The following initializes the client and the doc_search object, and then executes the search.
You should request a private API key and create your own [configuration file as described here](https://github.com/ElsevierDev/elsapy/blob/master/CONFIG.md).
You should keep the file `config.json` private (i.e. out of a shared Git repository).

## Execute the search and save the results to a local file

The only variable that needs to be modified here is `filename`.
Note that if the file already exists the search results will be overwritten.

In [None]:
filename = "my_results"

The following code downloads the results and saves it in 2 different formats:
* `.json` (the original format, as received from the API)
* `.xlsx` (an Excel file, convenient for quick examination)

In [None]:
from elsapy.elsclient import ElsClient
from elsapy.elssearch import ElsSearch
import json

with open("config.json") as con_file:
    config = json.load(con_file)    
client = ElsClient(config['apikey'])
doc_srch = ElsSearch('&'.join(query), 'scopus')
doc_srch.execute(client, get_all=True)

file = filename + ".json"
with open("output/{}".format(file), 'w') as f:
    json.dump(doc_srch.results, f)
print('Done saving {0} results to file "{1}".'.format(len(doc_srch.results), file))

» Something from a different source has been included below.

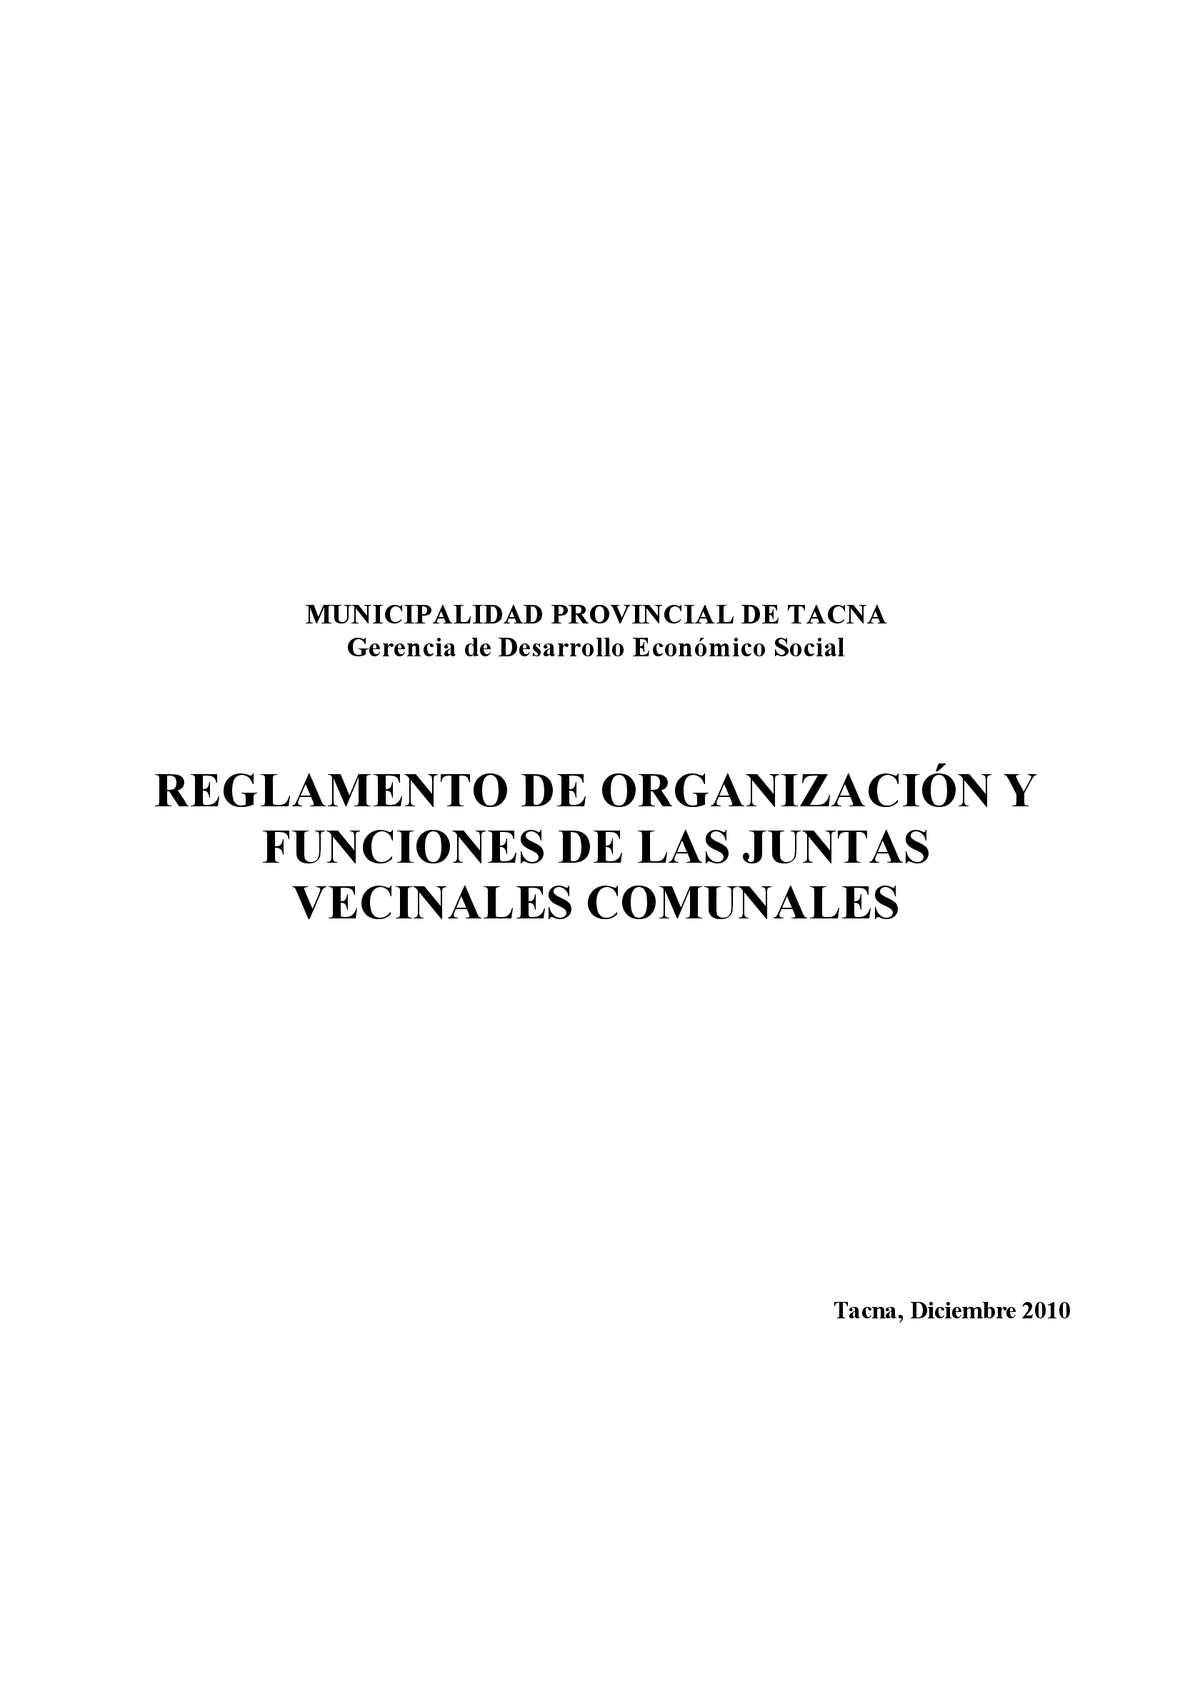 Reglamento de Organizacion y Funciones de las Juntas Vecinales

First we initialize the interactive plotting (will be needed later).
In order to keep the rest of the code cleaner I will move all the imports up here.

In [None]:
from elsapy.elsclient import ElsClient
from elsapy.elssearch import ElsSearch
import json

%matplotlib notebook
import matplotlib.pyplot as plt
import pandas as pd
import pandas.io.json
import seaborn; seaborn.set()

from helperfuncs import extract_auth, extract_keywords, count_items

In [None]:
query = ['PUBYEAR < 2006 AND TITLE-ABS-KEY(Q Fever)']
query.append("view=COMPLETE")
query.append("count=25")  # Our subscription allows up to 25 results at a time
client = ElsClient(config['apikey'])
doc_srch = ElsSearch('&'.join(query), 'scopus')
doc_srch.execute(client, get_all=True)
filename = "before2006.json"
with open("output/{}".format(filename), 'w') as json_file:
    json.dump(doc_srch.results, json_file)
print('Done saving {0} results to file "{1}".'.format(len(doc_srch.results), filename))

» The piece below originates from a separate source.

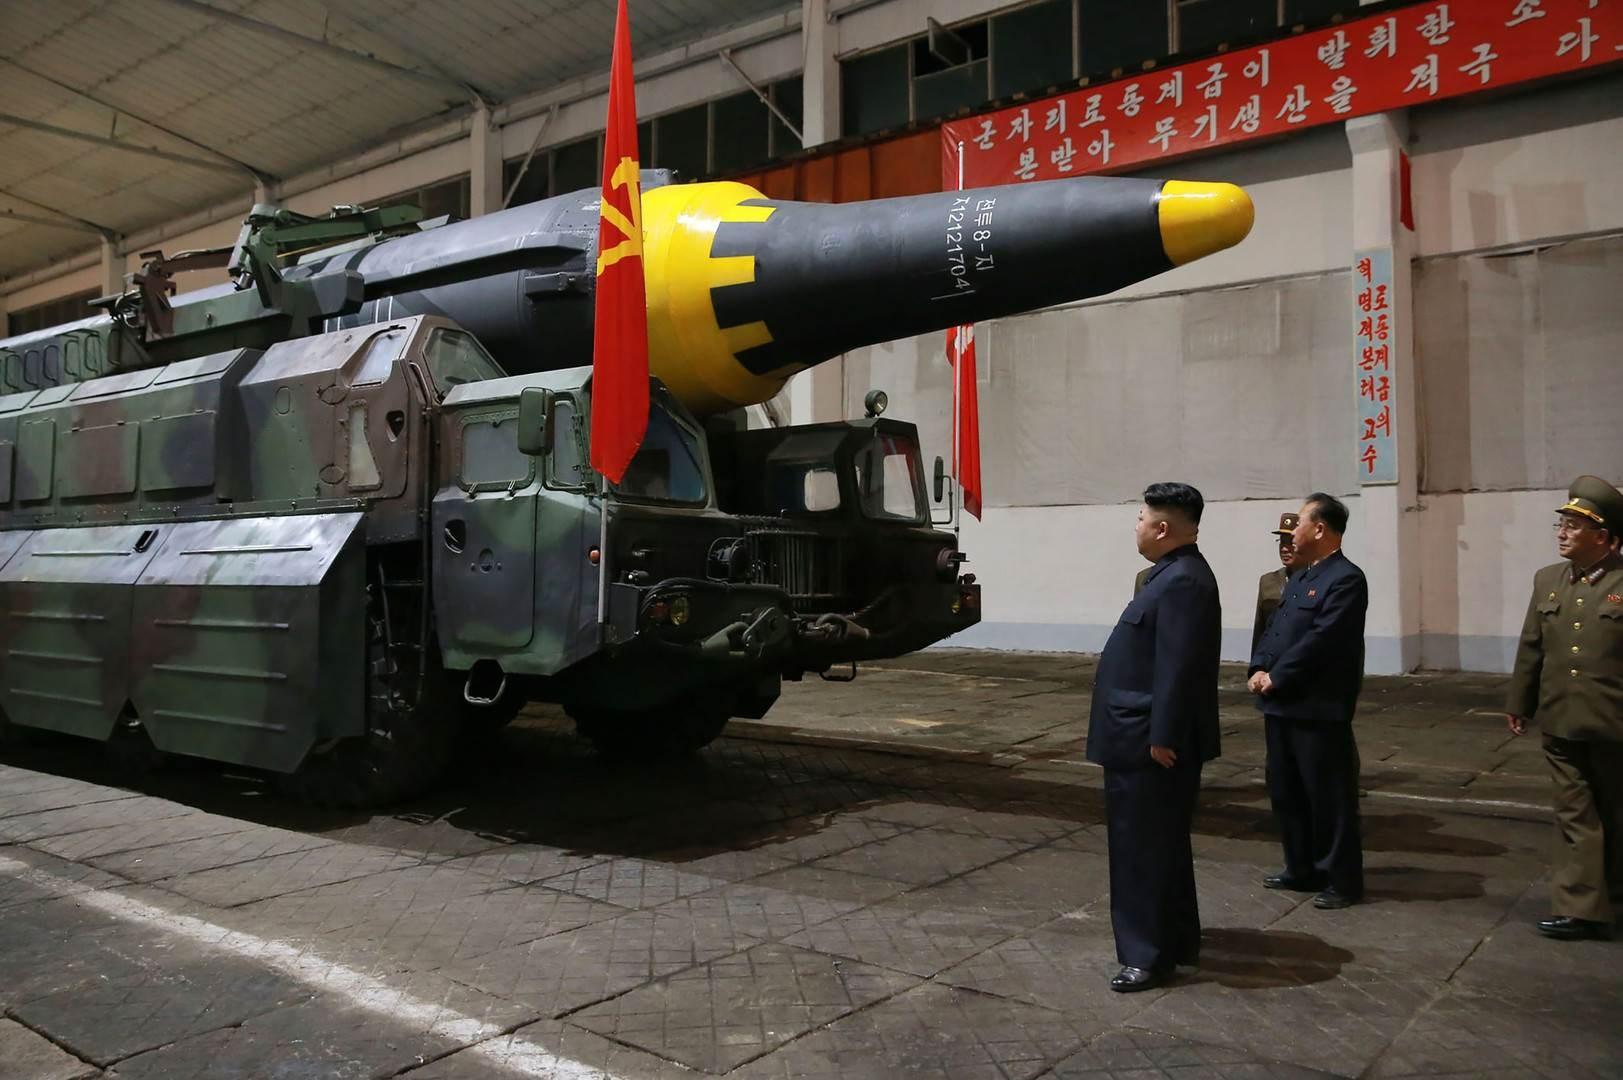 يتفق المحللون على أن صاروخ هواسونغ 15 هو أكبر صاروخ متحرّك بوقود سائل على الإطلاق في أي مكان في العالم

query = ['PUBYEAR > 2005 AND TITLE-ABS-KEY(Q Fever)']
query.append("view=COMPLETE")
query.append("count=25")  # Our subscription allows up to 25 results at a time
client = ElsClient(config['apikey'])
doc_srch = ElsSearch('&'.join(query), 'scopus')
doc_srch.execute(client, get_all=True)
filename = "after2005.json"
with open("output/{}".format(filename), 'w') as json_file:
    json.dump(doc_srch.results, json_file)
print('Done saving {0} results to file "{1}".'.format(len(doc_srch.results), filename))

## Clean up the raw data and remove invalid records

This section will depend on the data you obtain.
Our data set here requires very little cleaning, but it is useful as an example.
First we retrieve the results from the file we just created and load them into a *DataFrame* structure:

In [None]:
filename = "my_results.json"
with open("output/{}".format(filename), 'r') as results_file:
    results = json.load(results_file)
df_results = pandas.io.json.json_normalize(results)
print('Loaded {0} results from file "{1}".'.format(len(results), filename))

Some records are "conference reviews", not articles, and are therefore not relevant.

In [None]:
conference_review = df_results[df_results['subtype'] == "cr"].index
df_results.drop(conference_review, inplace=True)
print("Removed {0} 'Conference Review' records.".format(len(conference_review)))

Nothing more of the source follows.